The above map is well defined for all $$M\in {{\mathbb{N}}}^{\ast }$$. A map such as U M can be naturally considered as an operator acting in the Fock space $${ {\mathcal F} }_{{\mathscr{S}}}$$ by viewing $$|{e}_{{i}_{1}}\cdots {e}_{{i}_{M}}\rangle \in { {\mathcal H} }_{{\mathscr{S}}}^{\,\otimes M}\subset { {\mathcal F} }_{{\mathscr{S}}}$$ as follows. Consider a state $$|\varphi \rangle \in { {\mathcal H} }_{{\mathscr{S}}}^{\,\otimes M^{\prime} }$$. Then, we write $${U}^{M}|\varphi \rangle ={\delta }_{M,{M}^{^{\prime} }}{\sum }_{{i}_{1}\mathrm{=1}}^{d}\cdots {\sum }_{{i}_{M}\mathrm{=1}}^{d}\langle {e}_{{i}_{1}}\cdots {e}_{{i}_{M}}|\varphi \rangle |c({i}_{1})\cdots c({i}_{M})\rangle$$. Now, with this observation we can define an operator $${U}^{\infty }\,:{ {\mathcal F} }_{{\mathscr{S}}}\to { {\mathcal F} }_{{\mathscr{A}}}$$ as

$${U}^{\infty }=\sum _{M\mathrm{=1}}^{\infty }{U}^{M}\mathrm{.}$$
(3)

The physical interpretation of $${U}^{\infty }$$ is that for each sentence $${\otimes }_{m\mathrm{=1}}^{M}|{s}_{{i}_{m}}\rangle$$ of the source, we will obtain the right coded sentence for each $$M\in {{\mathbb{N}}}^{\ast }$$. It is important to remark that all these coding schemes are lossless in the sense of definition 1.
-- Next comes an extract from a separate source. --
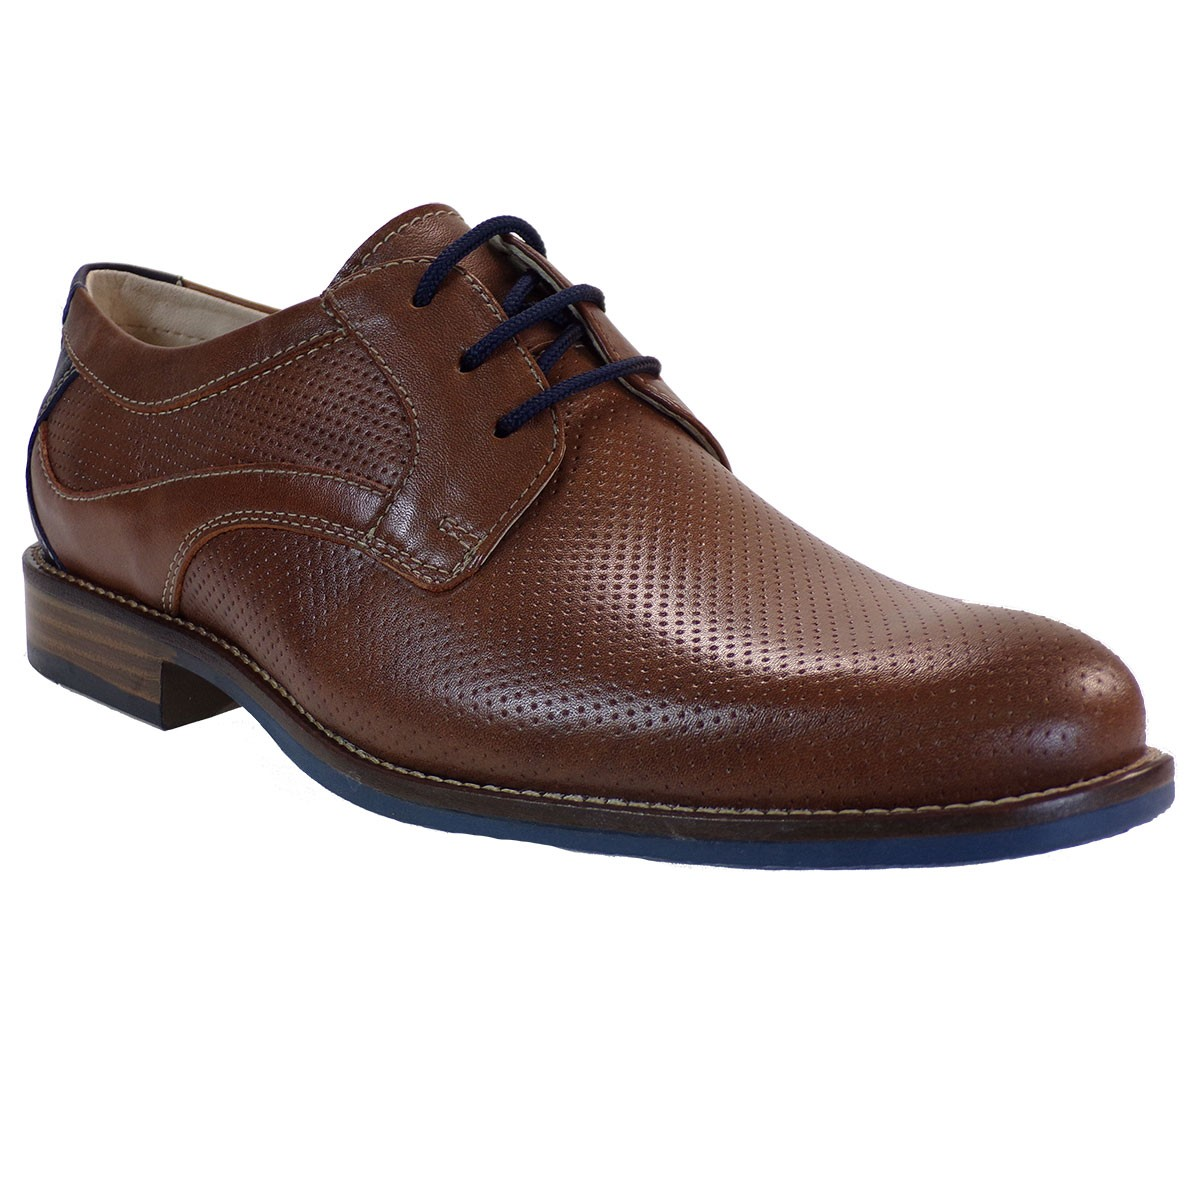 Softies Ανδρικά Παπούτσια 6998 Ταμπά Δέρμα

As it is well known in classical data compression, the Kraft-McMillan inequality gives a necessary and sufficient condition for the existence of a uniquely decodable code (see e.g.2,). This result has been originally extended to the quantum domain in12, introducing a particular formalism. We proceed here to obtain a quantum version of the Kraft-McMillan inequality, compatible with the previous construction.
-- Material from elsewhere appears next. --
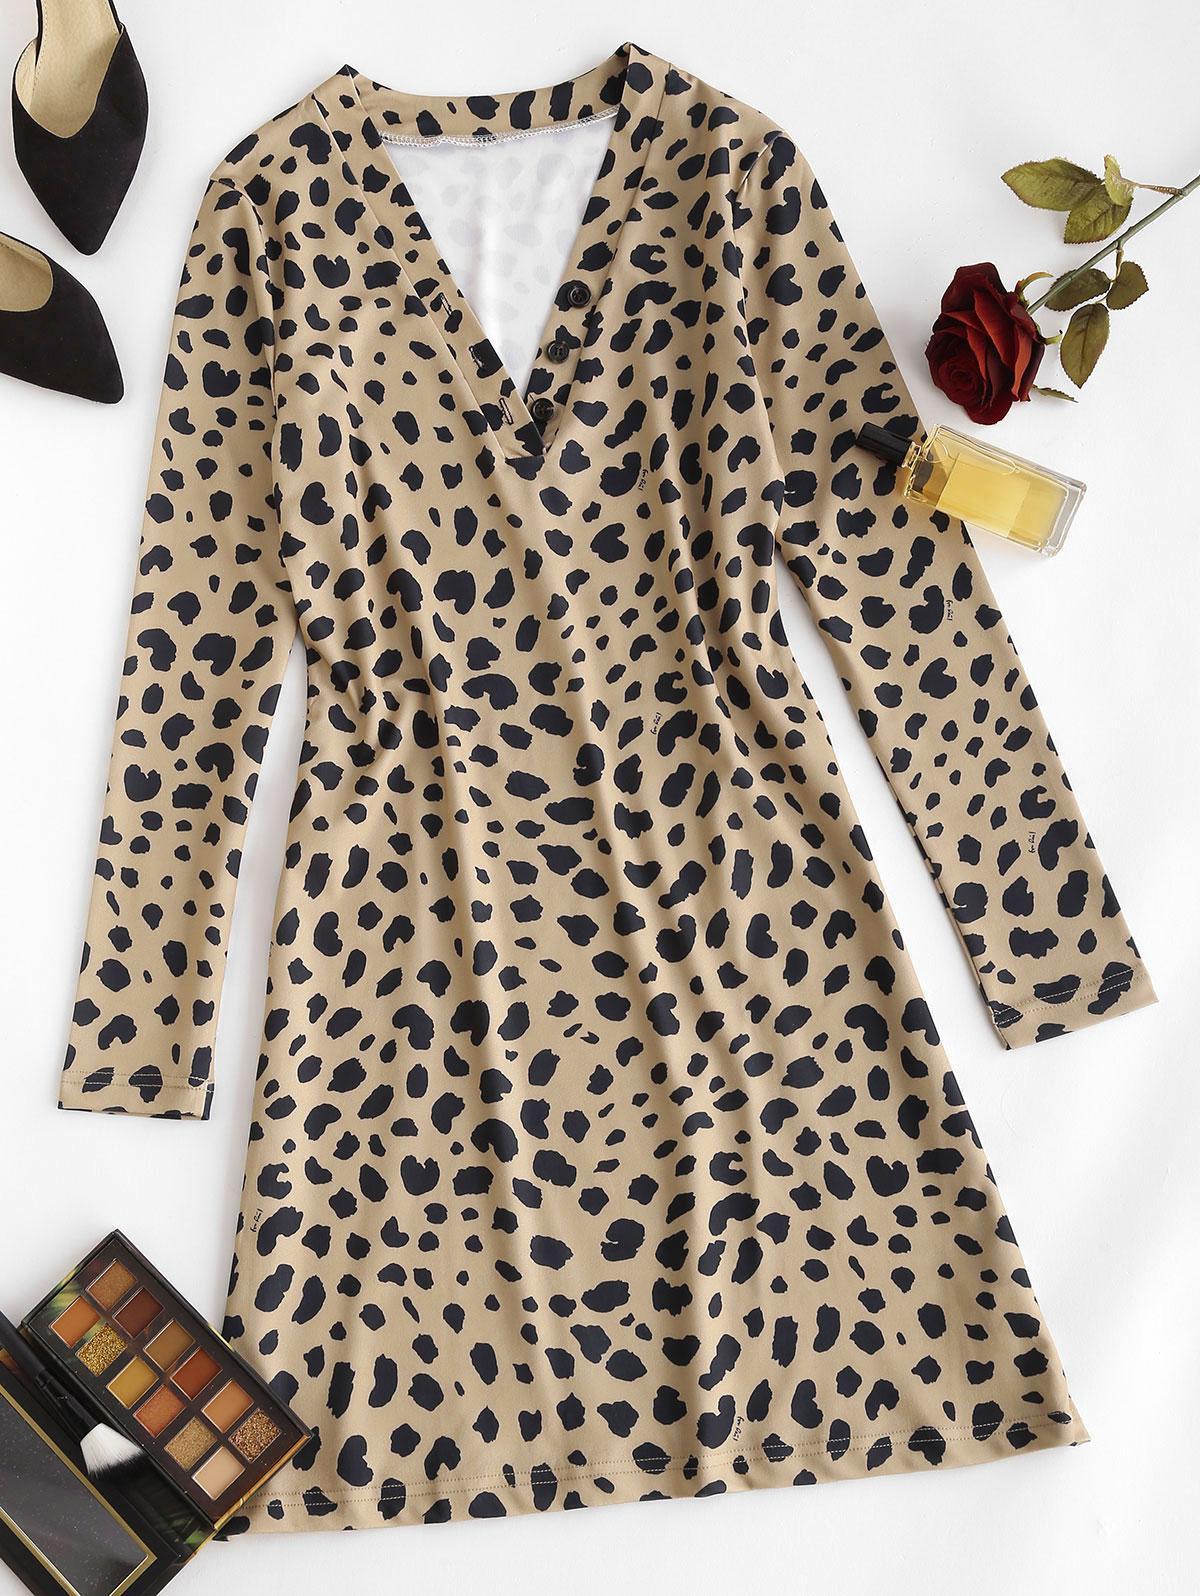 Leopard Animal Print Long Sleeve Tight Dress

Let us first introduce the length observable, which allows to get a further notion of codeword length.

### Definition 2.

The length observable Λ acting on $${ {\mathcal F} }_{{\mathscr{A}}}$$ is defined as

$${\rm{\Lambda }}\equiv \sum _{\ell \mathrm{=0}}^{\infty }\ell \,{{\rm{\Pi }}}_{\ell },$$
(4)

where $${{\rm{\Pi }}}_{\ell }$$ denotes the orthogonal projector onto the subspace $${ {\mathcal H} }_{{\mathscr{A}}}^{\,\otimes \ell }\subset { {\mathcal F} }_{{\mathscr{A}}}$$.
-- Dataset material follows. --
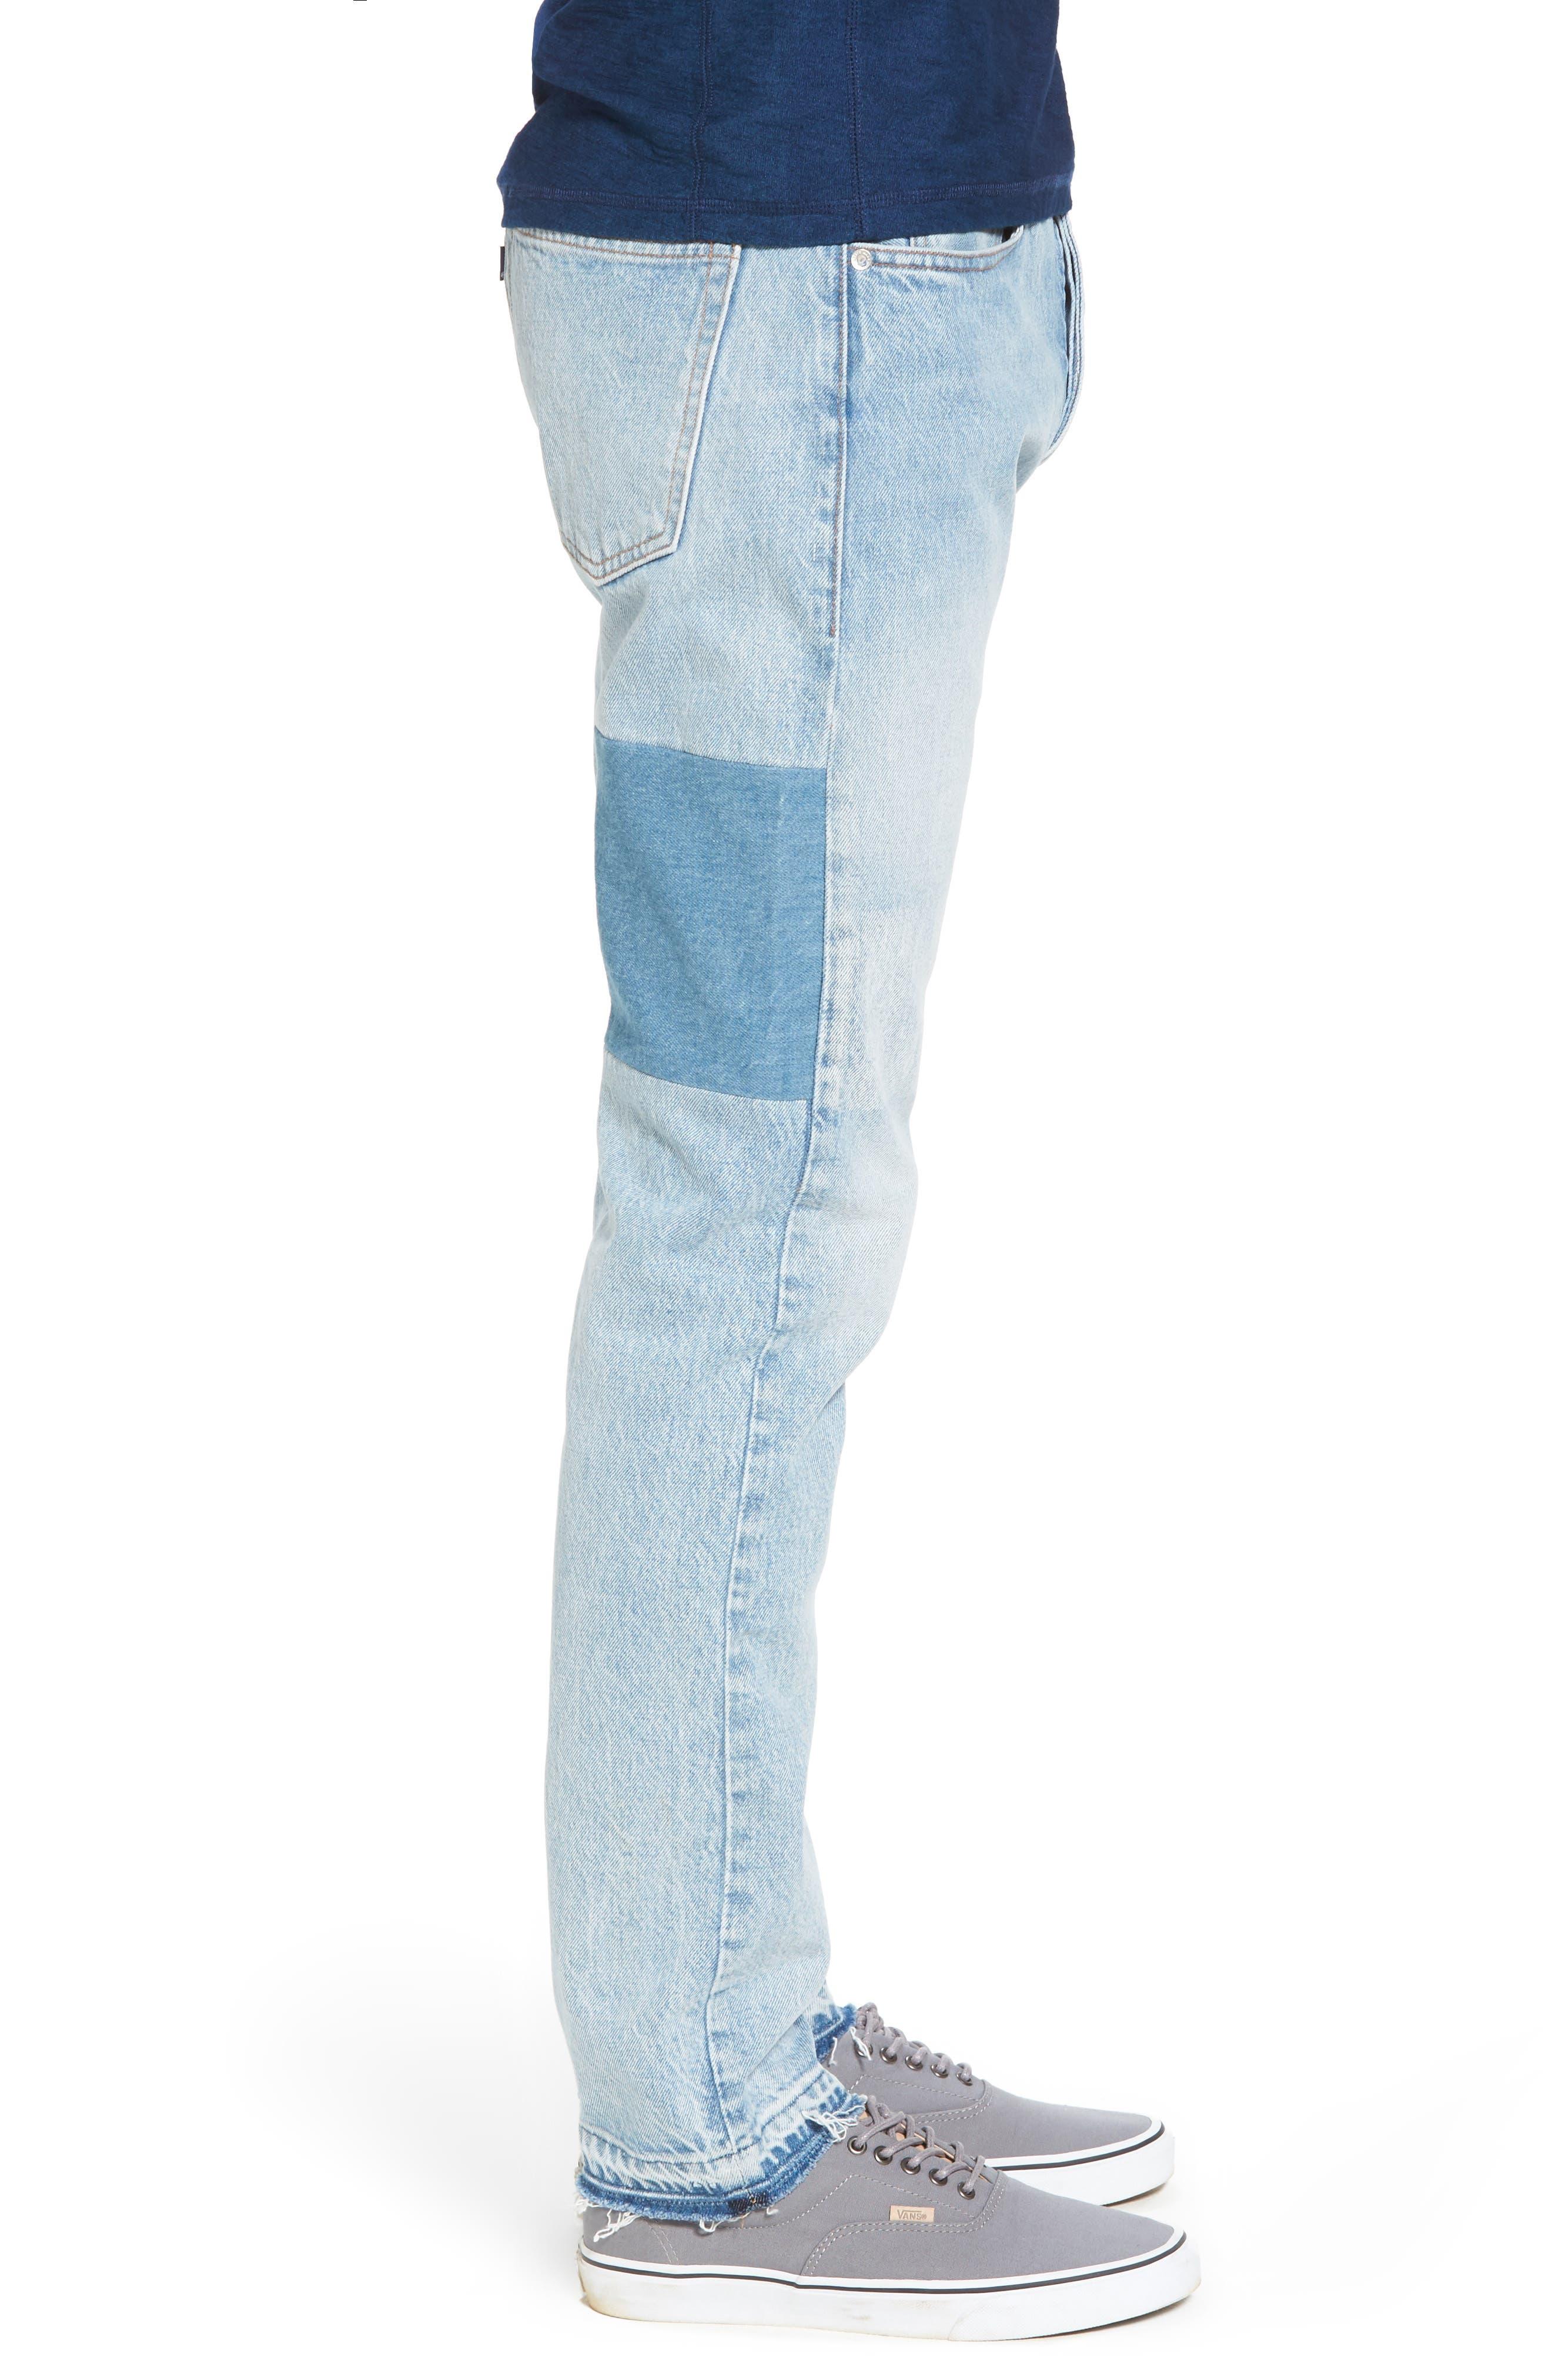 Studio Slim Fit Jeans,                             Alternate thumbnail 3, color,

Now, the quantum Kraft-McMillan inequality reads as follows.

### Theorem 1.

For any losless quantum encoding scheme U given by Eq. (1), the following inequality must be satisfied:

$${\rm{Tr}}({U}^{\dagger }{k}^{-{\rm{\Lambda }}}U)\le 1.$$
(5)

The proof of this theorem, which mainly relies in its classical counterpart, is given in the section Methods, along with the proofs of the subsequent theorems.

### Source coding and von Neumann entropy bounds

As in the classical case, we are interested in quantum codes that minimize the amount of resources involved. However, in the quantum case arises an extra difficulty to quantify the number of resources since there is no a unique way of defining the notion of length of a quantum codeword. For a given encoding scheme U, the standard definition of quantum codeword length is the following.

### Definition 3.

The quantum codeword length of $$|\omega \rangle \equiv U|s\rangle$$ for some $$|s\rangle \in { {\mathcal H} }_{{\mathscr{S}}}$$ is given by the expectation value

$$\ell (|\omega \rangle )\equiv \langle \omega |{\rm{\Lambda }}|\omega \rangle =\sum _{i\mathrm{=1}}^{d}{|\langle {e}_{i}|s\rangle |}^{2}{\ell }_{i}\mathrm{.}$$
(6)

Thus, from this definition, the codewords may not have definite length in the sense that they are not eigenstates of the length operator in the general case. For that reason a quantum code given by the encoding scheme (1) is sometimes called quantum indeterminate-length code 12.

As we have noticed, one can introduce another important measure of the length of a quantum codeword. One used in the literature is the base length 13:

### Definition 4.

The base length of a quantum codeword $$|\omega \rangle \equiv U|s\rangle$$ is given by

$$l(|\omega \rangle )\,\equiv \,{\rm{\max }}\{\ell \in {\mathbb{N}}|\langle \omega |{{\rm{\Pi }}}_{\ell }|\omega \rangle \ne 0\}\,\,\,=\mathop{{\rm{\max }}}\limits_{\{i\in \mathrm{\{1,}\ldots ,d\}|{\langle e}_{i}|s\rangle \ne \mathrm{0\}}}\{{\ell }_{i}\mathrm{\}.}$$
(7)

Notice that the base length plays a key role as it determines the minimum size of the quantum register necessary to store a quantum codeword.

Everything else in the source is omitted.